### Your task:
Below are the records; copy every line in them that holds the string "over".

### Available data:

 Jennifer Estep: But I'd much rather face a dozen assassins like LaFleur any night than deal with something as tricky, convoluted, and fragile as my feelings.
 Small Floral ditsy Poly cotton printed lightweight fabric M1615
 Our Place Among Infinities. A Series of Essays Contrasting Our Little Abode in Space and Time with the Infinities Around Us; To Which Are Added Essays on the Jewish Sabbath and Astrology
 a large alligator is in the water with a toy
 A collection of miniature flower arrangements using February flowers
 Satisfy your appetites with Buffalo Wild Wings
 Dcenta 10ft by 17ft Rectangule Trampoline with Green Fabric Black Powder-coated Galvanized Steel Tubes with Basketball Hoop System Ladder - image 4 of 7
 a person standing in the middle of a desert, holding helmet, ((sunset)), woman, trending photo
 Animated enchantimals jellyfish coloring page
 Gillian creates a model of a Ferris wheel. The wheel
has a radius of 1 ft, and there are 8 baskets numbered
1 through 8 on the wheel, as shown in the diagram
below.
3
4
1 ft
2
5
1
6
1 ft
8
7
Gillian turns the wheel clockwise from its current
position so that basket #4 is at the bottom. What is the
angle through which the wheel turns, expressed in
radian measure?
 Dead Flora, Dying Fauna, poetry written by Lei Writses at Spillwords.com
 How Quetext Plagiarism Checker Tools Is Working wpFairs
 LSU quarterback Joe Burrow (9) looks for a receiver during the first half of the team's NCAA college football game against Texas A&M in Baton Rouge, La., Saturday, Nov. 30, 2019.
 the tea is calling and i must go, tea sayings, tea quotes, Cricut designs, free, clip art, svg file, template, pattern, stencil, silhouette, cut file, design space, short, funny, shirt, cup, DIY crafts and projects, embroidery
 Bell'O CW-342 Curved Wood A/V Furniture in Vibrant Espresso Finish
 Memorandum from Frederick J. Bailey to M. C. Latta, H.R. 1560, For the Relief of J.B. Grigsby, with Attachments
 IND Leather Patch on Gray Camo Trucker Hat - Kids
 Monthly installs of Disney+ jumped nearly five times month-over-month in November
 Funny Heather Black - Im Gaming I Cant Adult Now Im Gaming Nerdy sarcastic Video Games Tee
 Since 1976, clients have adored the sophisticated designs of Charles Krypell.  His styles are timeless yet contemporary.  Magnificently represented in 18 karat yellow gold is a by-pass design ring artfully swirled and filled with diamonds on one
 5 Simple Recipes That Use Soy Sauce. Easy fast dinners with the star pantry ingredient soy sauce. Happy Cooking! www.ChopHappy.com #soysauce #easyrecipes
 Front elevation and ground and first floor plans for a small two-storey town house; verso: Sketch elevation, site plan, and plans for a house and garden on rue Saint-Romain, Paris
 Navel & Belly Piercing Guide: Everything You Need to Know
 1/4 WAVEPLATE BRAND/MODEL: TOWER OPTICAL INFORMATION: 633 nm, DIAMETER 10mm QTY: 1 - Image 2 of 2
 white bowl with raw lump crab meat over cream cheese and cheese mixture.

### Reply to the task:
 Monthly installs of Disney+ jumped nearly five times month-over-month in November
 white bowl with raw lump crab meat over cream cheese and cheese mixture.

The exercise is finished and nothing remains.